Category Archives: Visiting Scientists

OSU Research Update- Lillian Tuttle

Lillian diving a patch reef.
Lillian diving a patch reef.

Lillian Tuttle is a PhD. student from Mark Hixon’s lab at Oregon State University, who is working at CEI for 90 days this summer studying the lionfish invasion.  Broadly, Lillian is interested in the interactions among invasive lionfish, native parasite communities, and native cleaning symbioses.  Her past research demonstrates that invasive lionfish have escaped the threat of parasitic infection here in the Atlantic, especially when compared to native fishes that are chocked full of parasitic worms and crustaceans.  Without the need to fight infection, lionfish might be able to put more energy into growth and reproduction, perhaps explaining some of their success as an invasive species.  But if lionfish don’t have parasites, might they still change the way that native fish get parasites?

Lillian's hand getting cleaned at an underwater fish cleaning station!
Lillian’s hand getting cleaned at an underwater fish cleaning station!

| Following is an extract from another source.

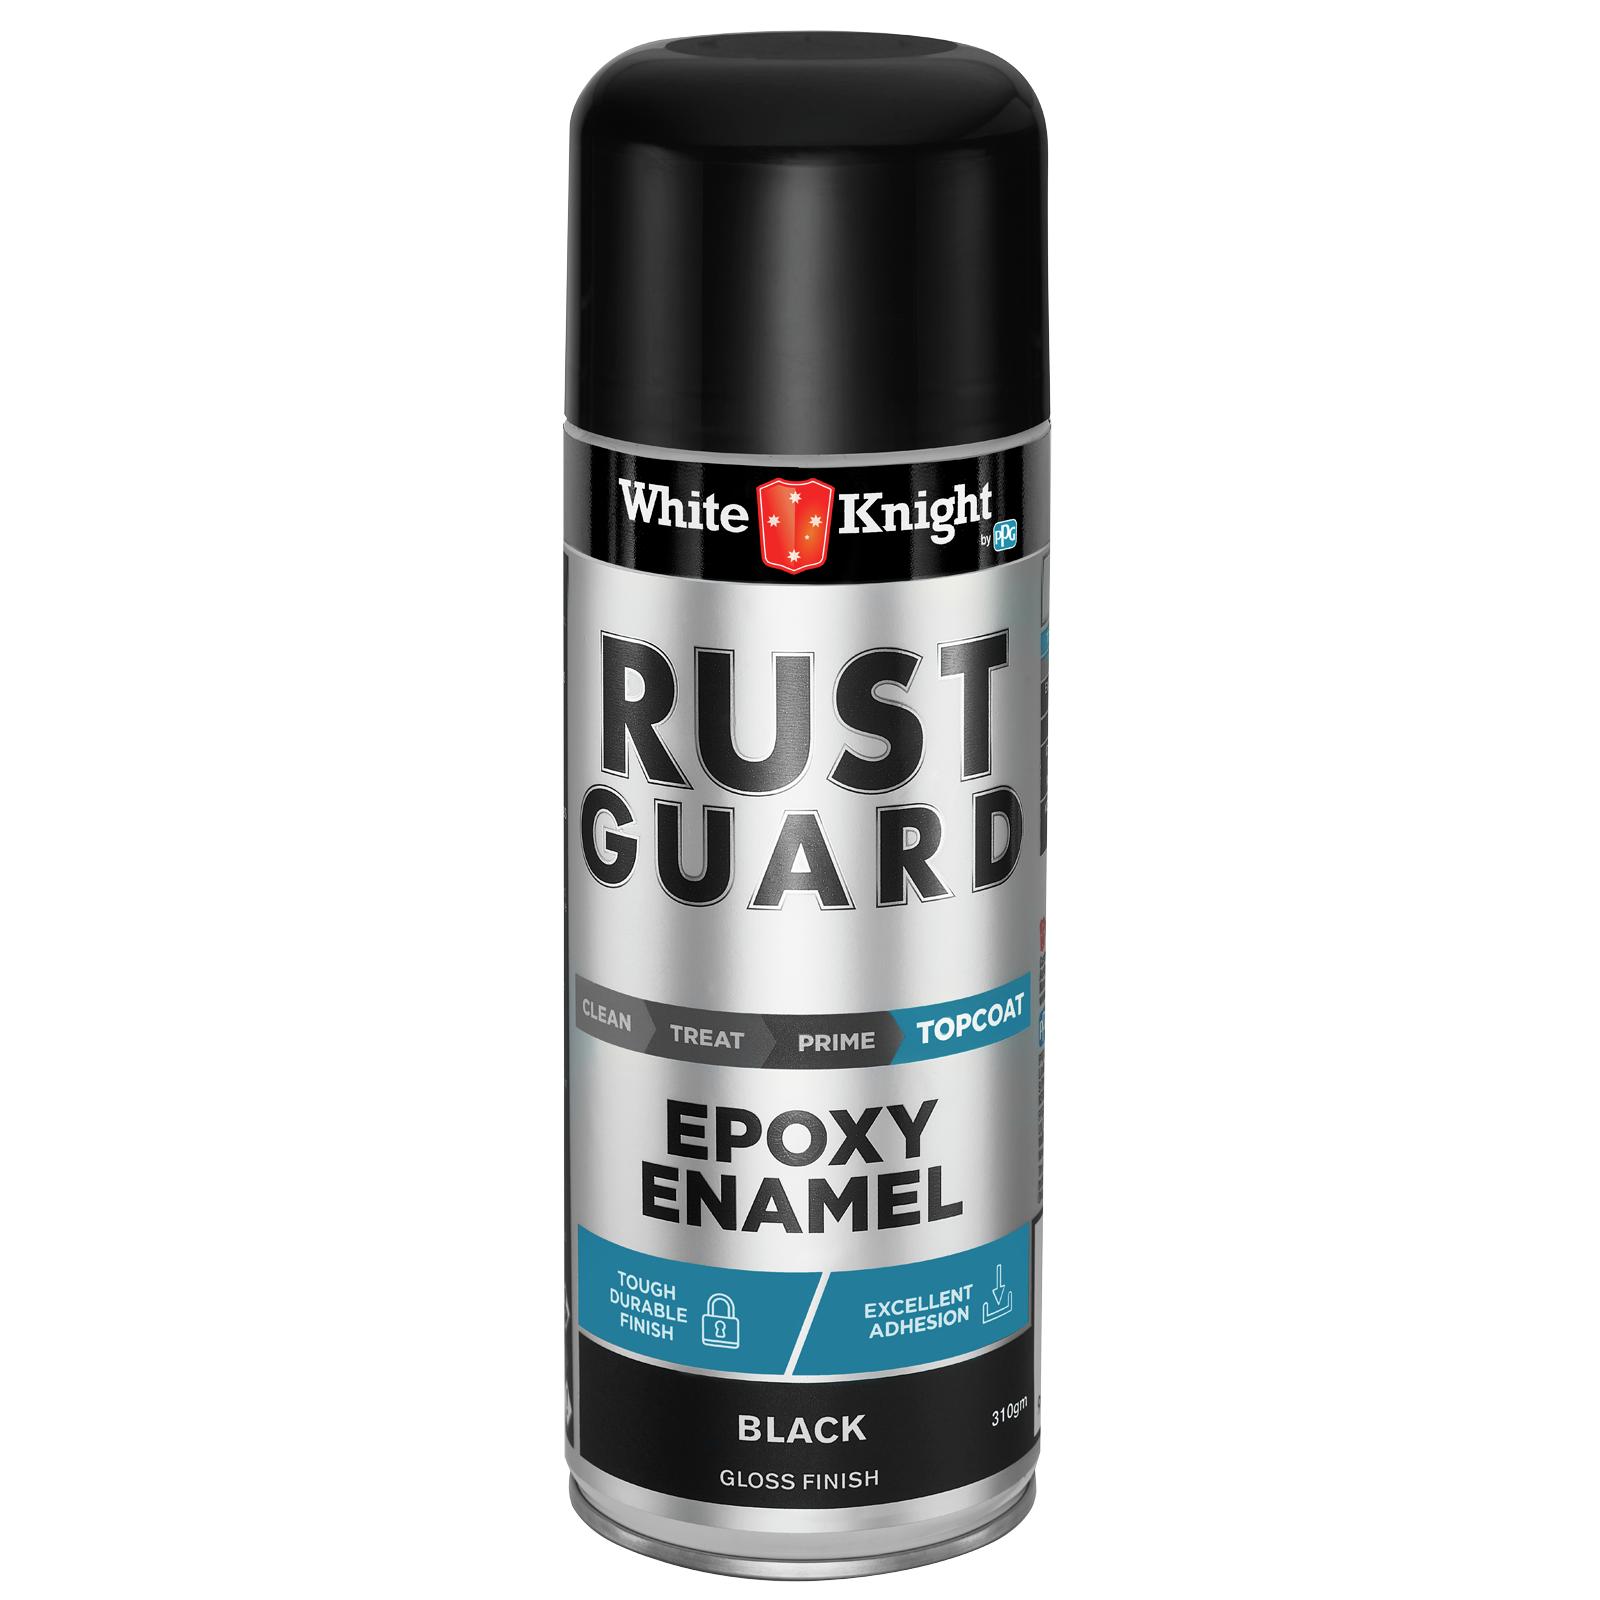 White Knight 310g Black Gloss Rust Guard Epoxy Enamel

This brings us to Lillian’s project this summer. Thus far, Lillian has logged many hours of observation and deployed many GoPro cameras to detect what lionfish are doing at cleaning stations, locations on the reef where small “cleaner” gobies and shrimp pick the parasites off the skin of larger fish “clients” (think, car washes in the sea!).  Are lionfish eating cleaners?  Are lionfish eating clients?  Or might the slow, stalking, hunting behavior of lionfish interrupt cleaning somehow?  These are all questions Lillian hopes to answer this summer at CEI.

SFU Researcher is studying yellow stingrays at CEI

SFU undergraduate researcher Sev counts yellow stingrays on a patch reef.
SFU undergraduate researcher Sev counts yellow stingrays on a patch reef.

In order to better understand the ecological role of the Yellow Stingray, Urobatis jamaicensis, team SFU has been performing some baseline stingray surveys each Saturday. What happens on Stingray Saturdays? There are sixteen survey sites (patch reefs) total. At these sites two SCUBA divers record the number of individual rays, sex, total length, substrate, refuge, and where they were found on the patch. In addition to this they also take their picture!

A photo of one of the yellow stingrays.
A photo of one of the yellow stingrays.

This data will reveal more about the habitat use and site fidelity of the rays. If time permits, the team may even test whether or not the rays can be reliably identified based on their spot patterns. If photo ID were a feasible option it would mean no tags necessary – a noninvasive and cost effective way of identifying individuals!